Granted, this is akin to asking how you can strip in public without people seeing you, but given that, I'm assuming that the password you are trying to store is the one to DropBox. I suppose you could obfuscate the password and store it in a cookie. That would at least prevent someone from simply viewing the source to see the password, but obviously wouldn't stop someone running something like Fiddler and seeing it.

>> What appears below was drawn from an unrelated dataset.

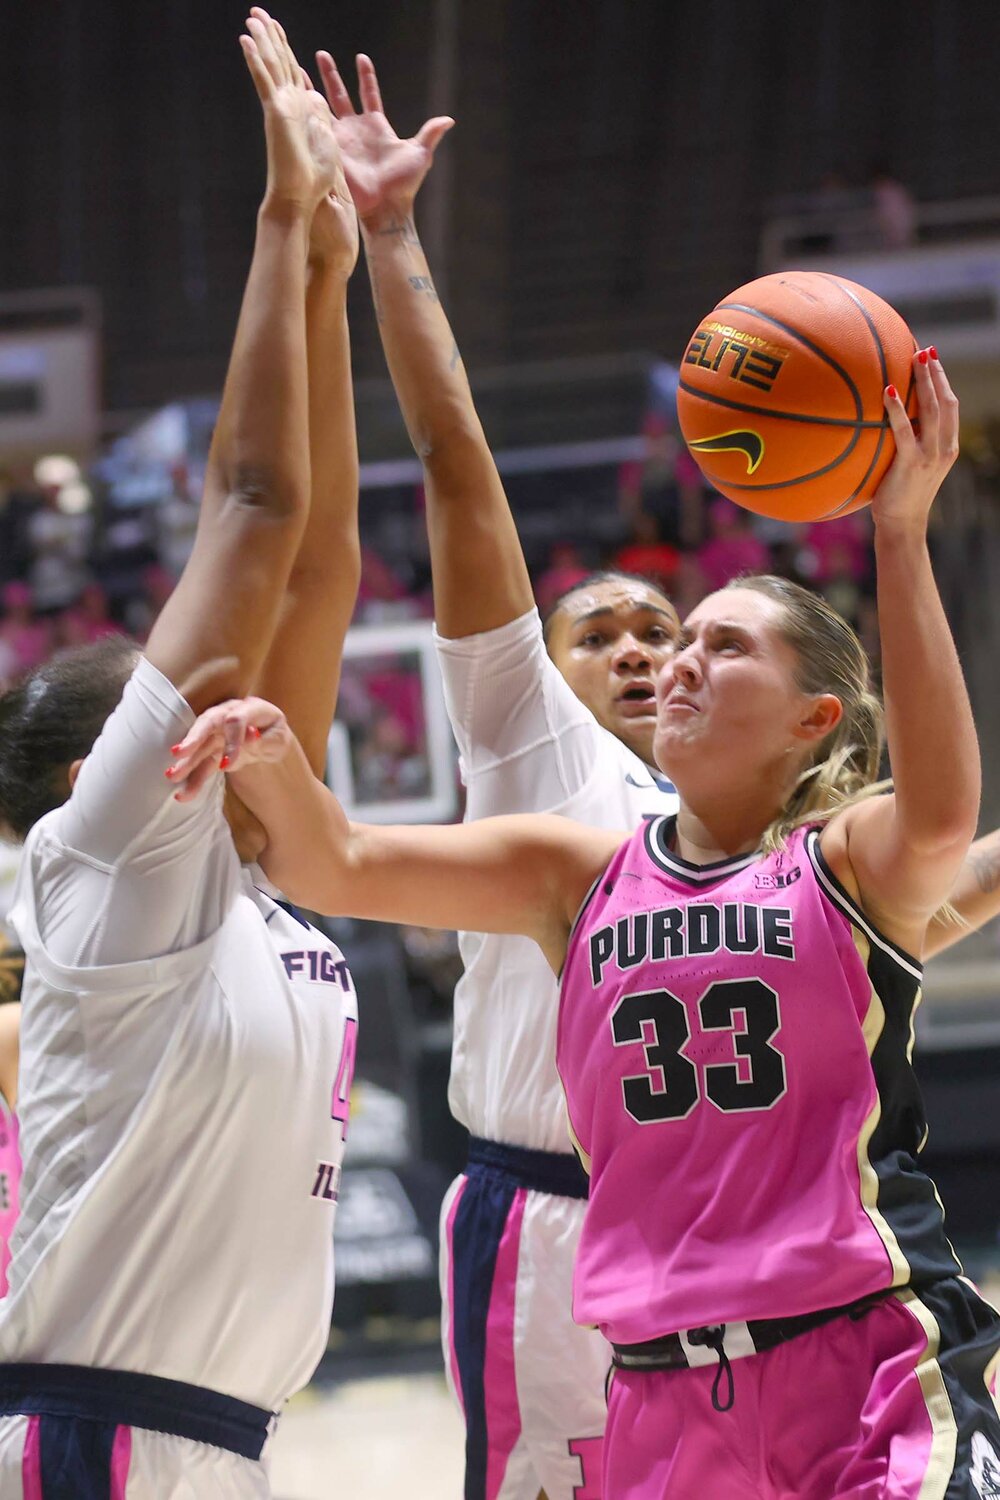 Madison Layden of Purdue - going up for shot against Camille Hobby of Illinois

[snipped server side suggestion]
EDIT: To munge the Urls, why don't you simply build the urls on the fly and have the links call a javascript function to get the url? Your server-side code would populate an array in this function with obfuscated urls and the calling code would simply pass an index into the array. Thus, on viewing the source, there would be no instances of "http" anywhere other than static unsecure links.
ADDITION Ok. now that I have a better bead on the problem, it is easier to devise solution. There are libraries for doing encryption on the net in javascript (e.g. http://point-at-infinity.org/jsaes/) but the problem comes down to key management. Since its javascript, it is going to be public but there are hoops you can devise to make it harder to determine the key. In general, those tricks involve indirection. For example, store a lengthy stream of random characters (e.g. 40-50 or more) that is generated by your C# code and stored in the HTM file. In addition, the C# code would would store into your javascript function an array numeric values that represent pointers into the long stream of text that were used by the C# code to encrypt the passwords (or just the whole url).